● DIRECTIONS:
Any pictures in the records below must be left out when you repeat the lines from the line containing "SegurosPR.com" through the line containing "Mondoni Netherlands handschoenen" exactly.

● MATERIALS PROVIDED:
"""
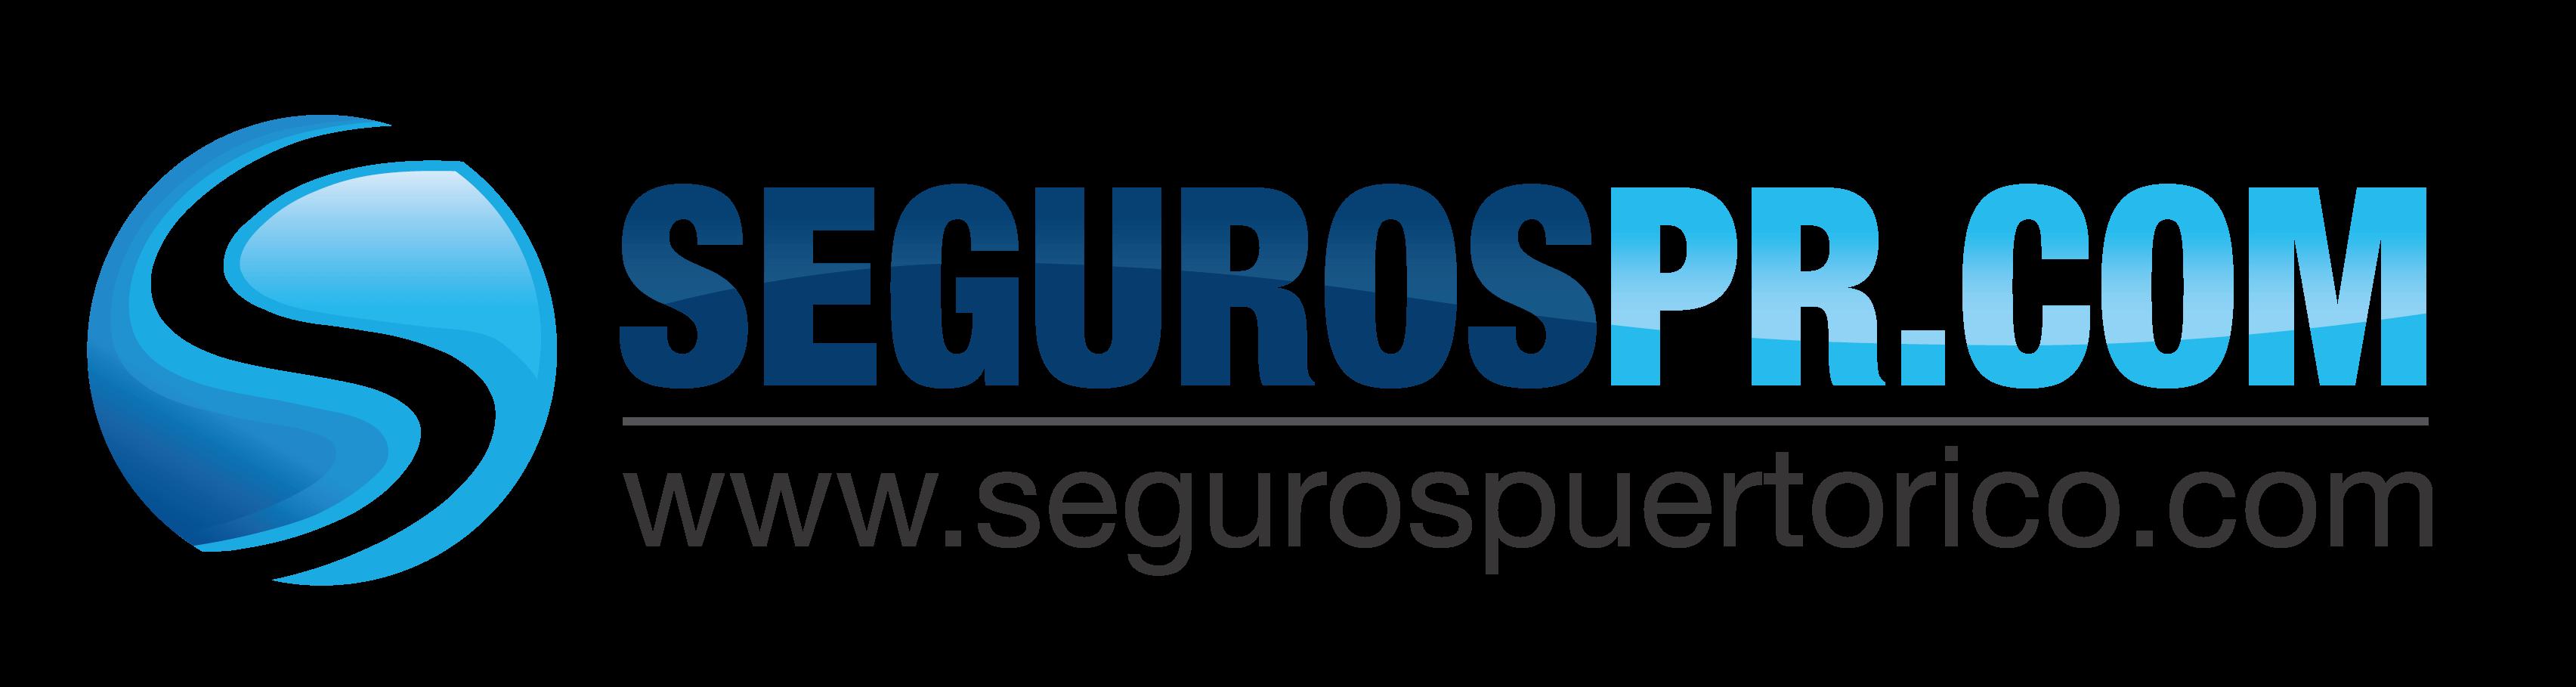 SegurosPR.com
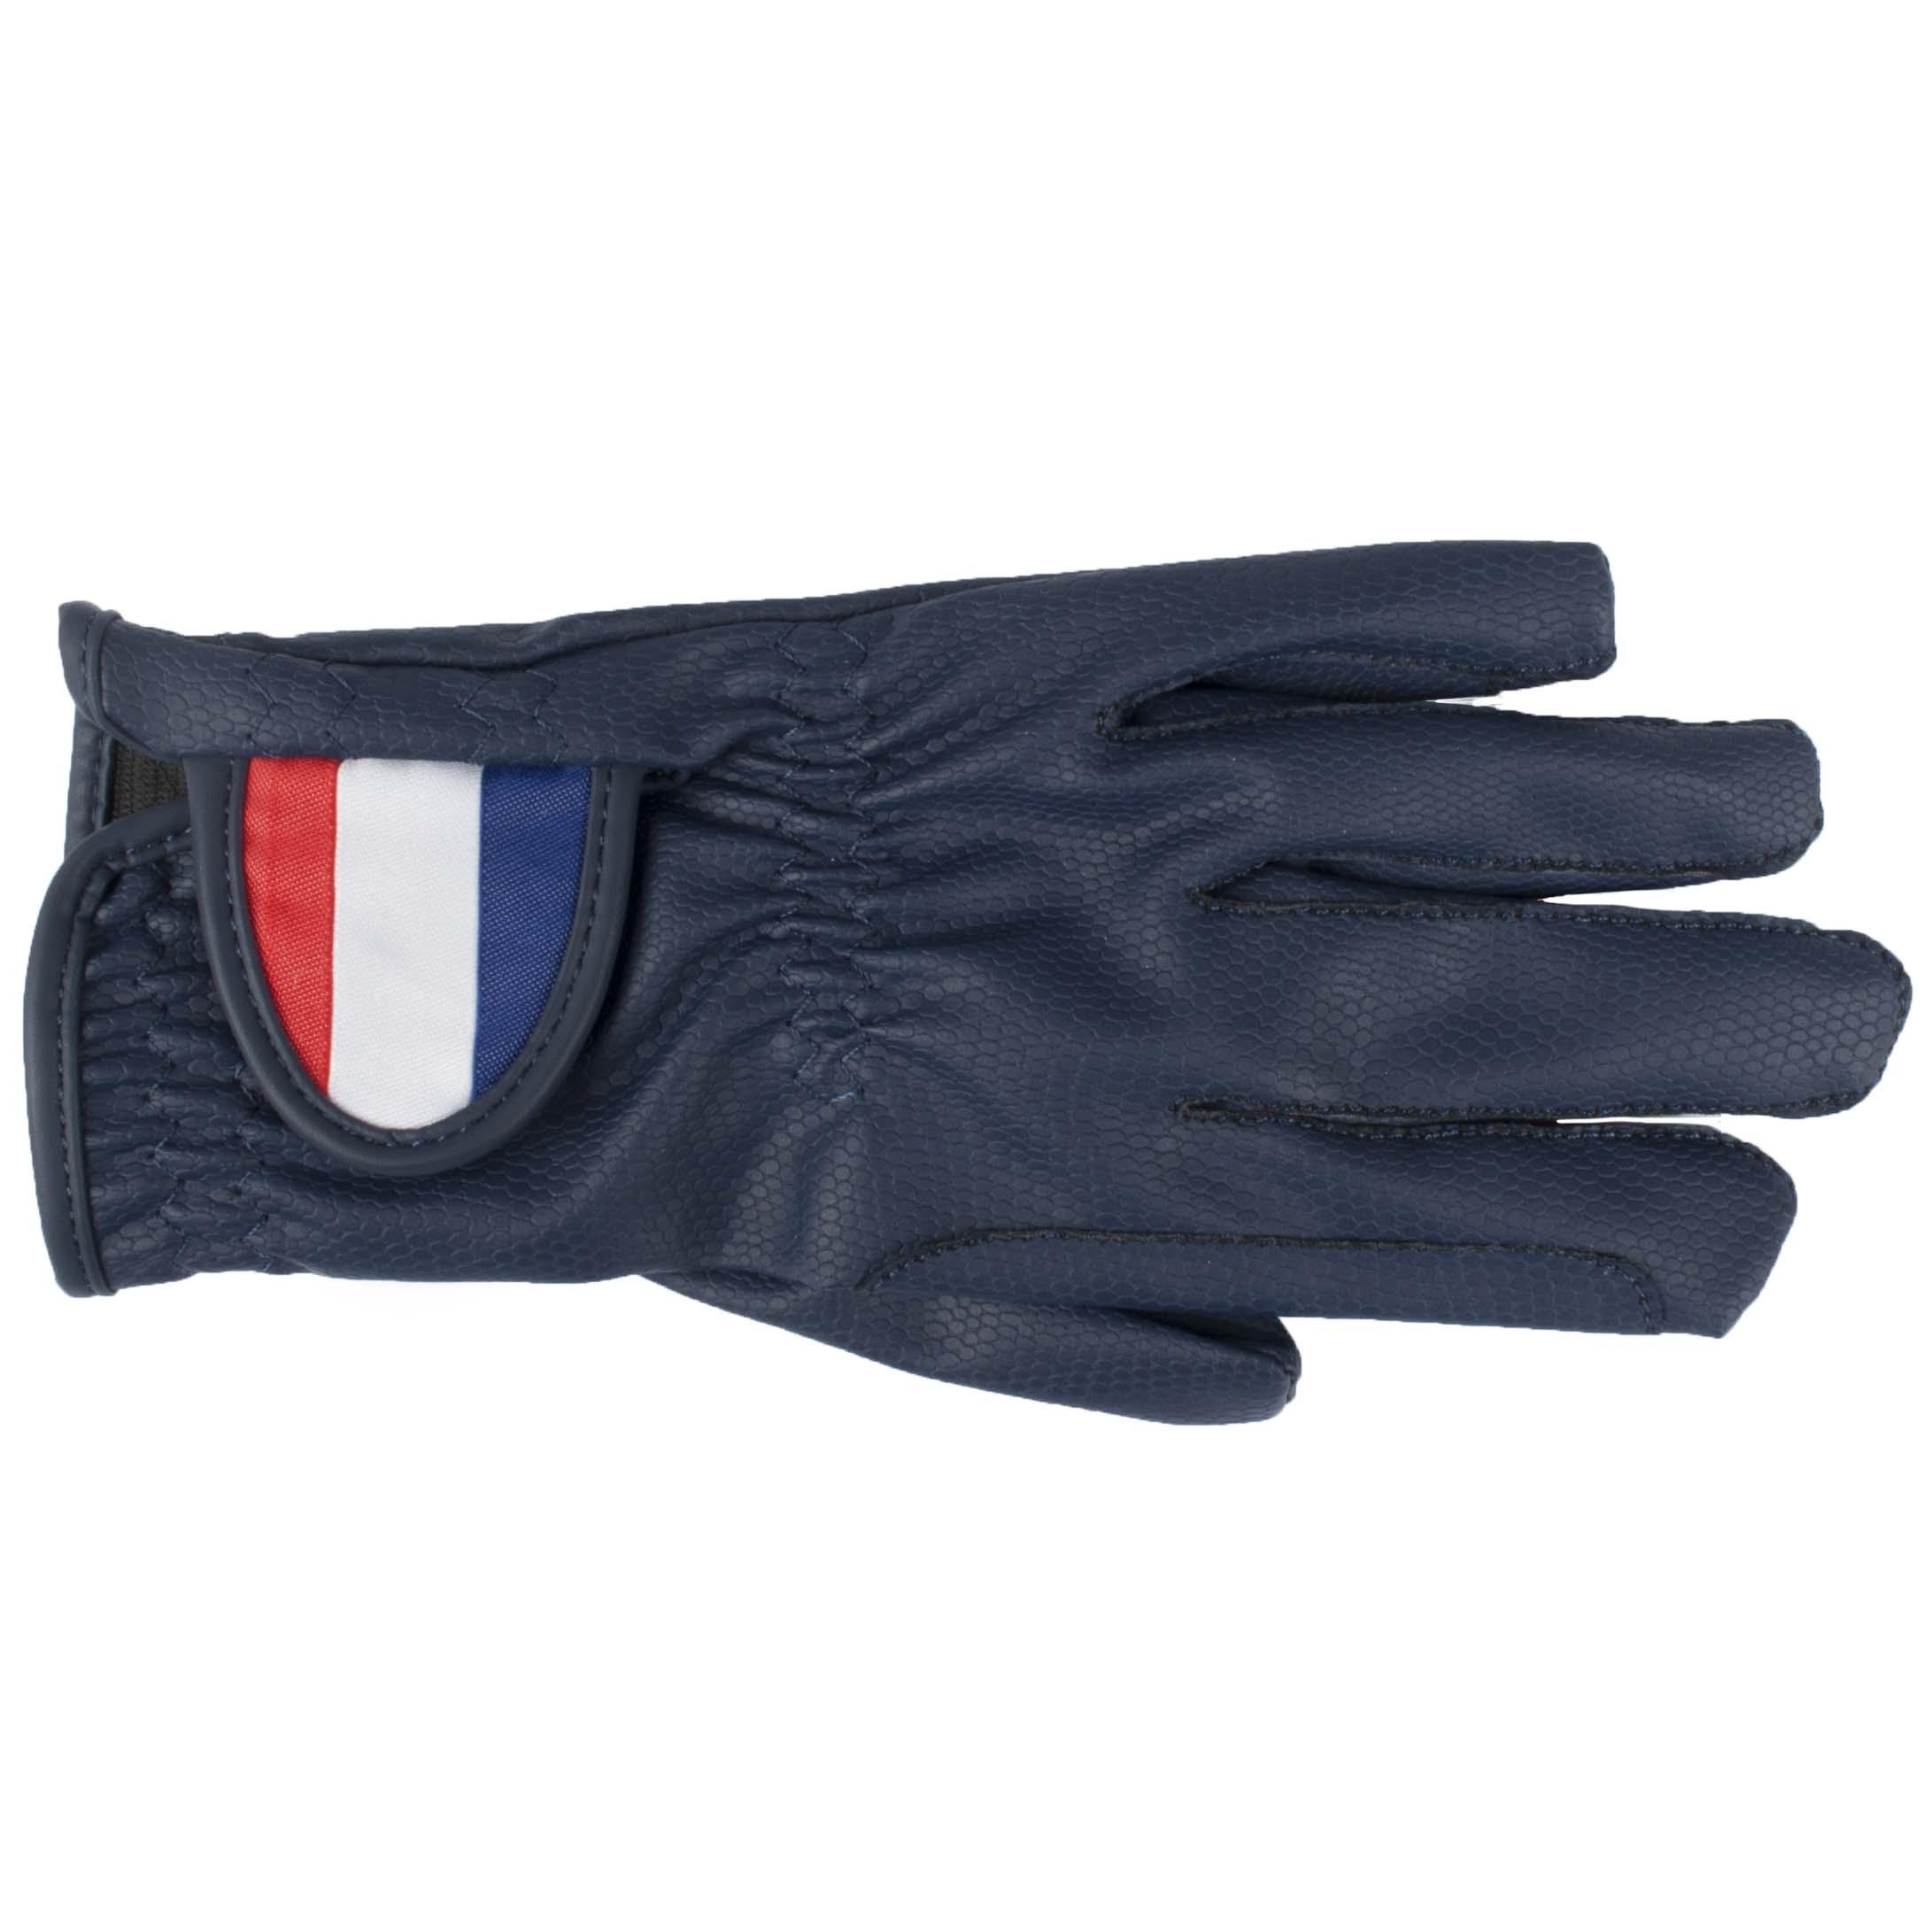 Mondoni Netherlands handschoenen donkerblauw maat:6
"""
"""
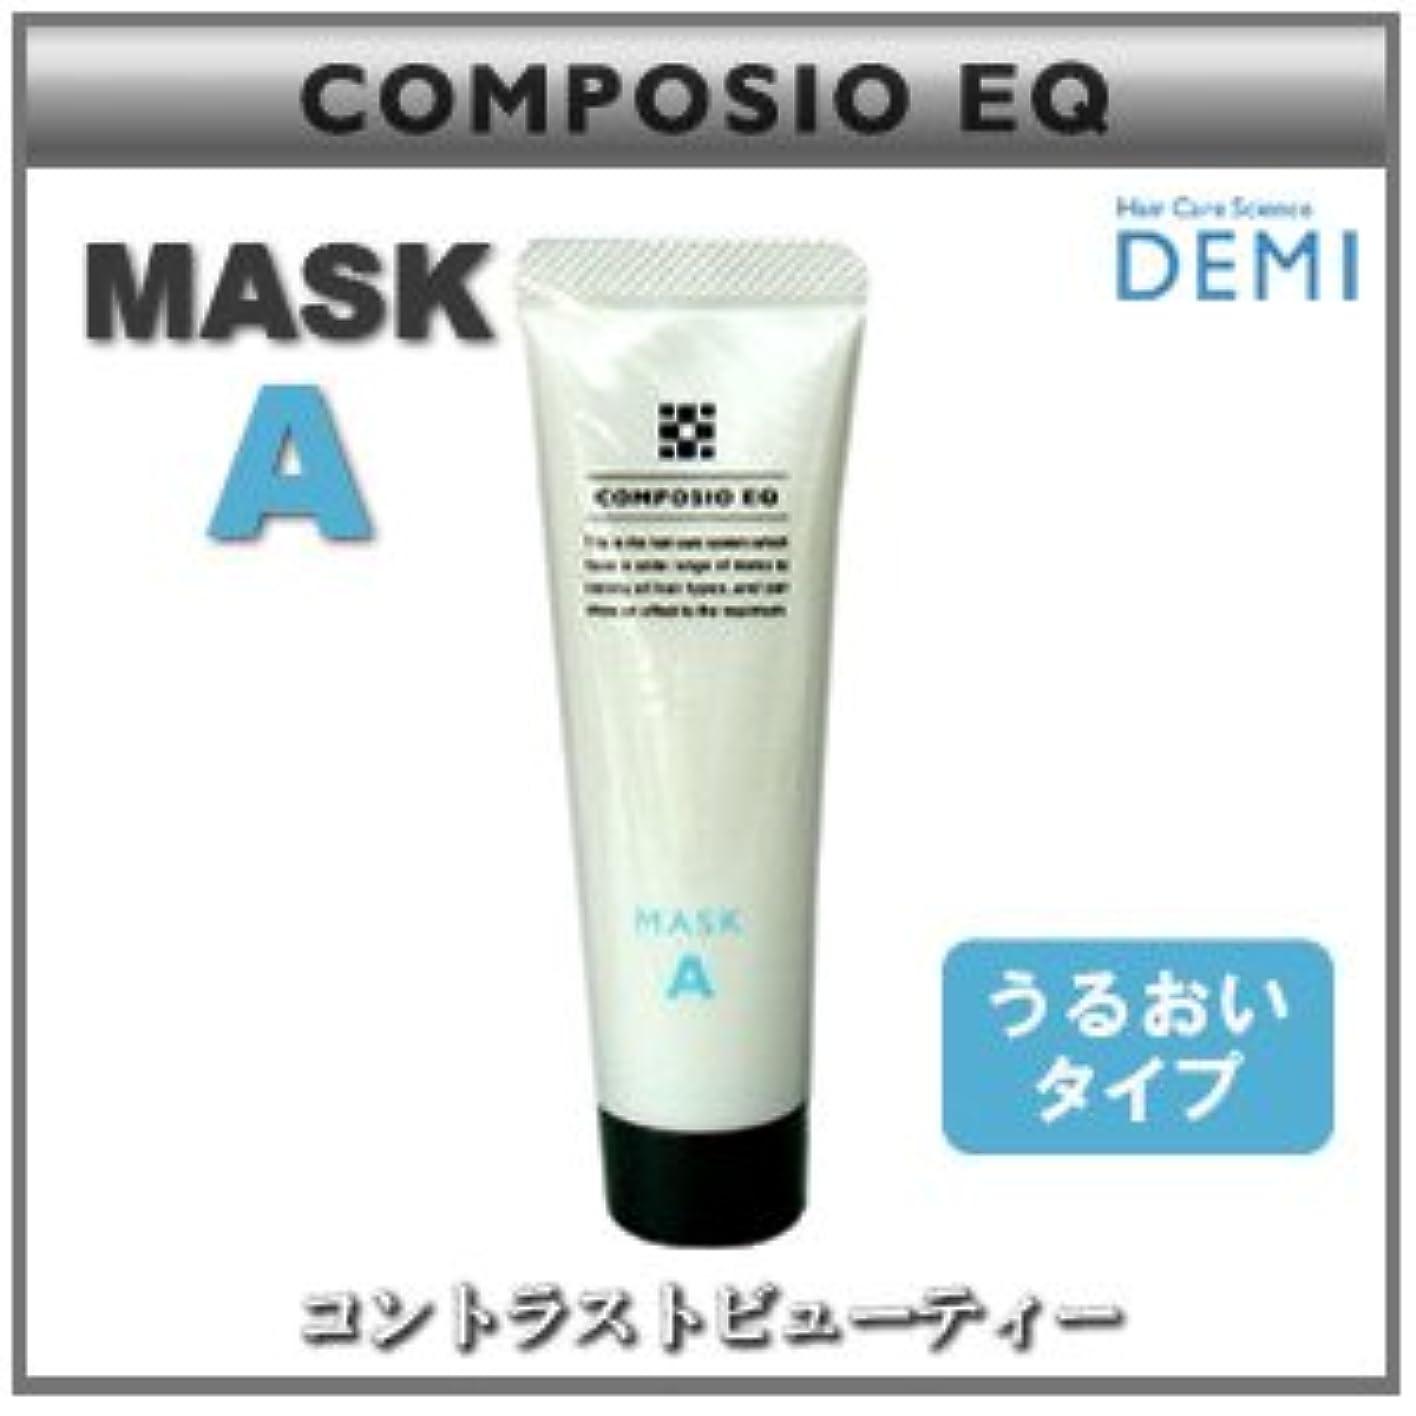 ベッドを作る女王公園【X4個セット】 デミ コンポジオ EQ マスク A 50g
"""
● SOLUTION TO THE PROBLEM:
 SegurosPR.com
 Mondoni Netherlands handschoenen donkerblauw maat:6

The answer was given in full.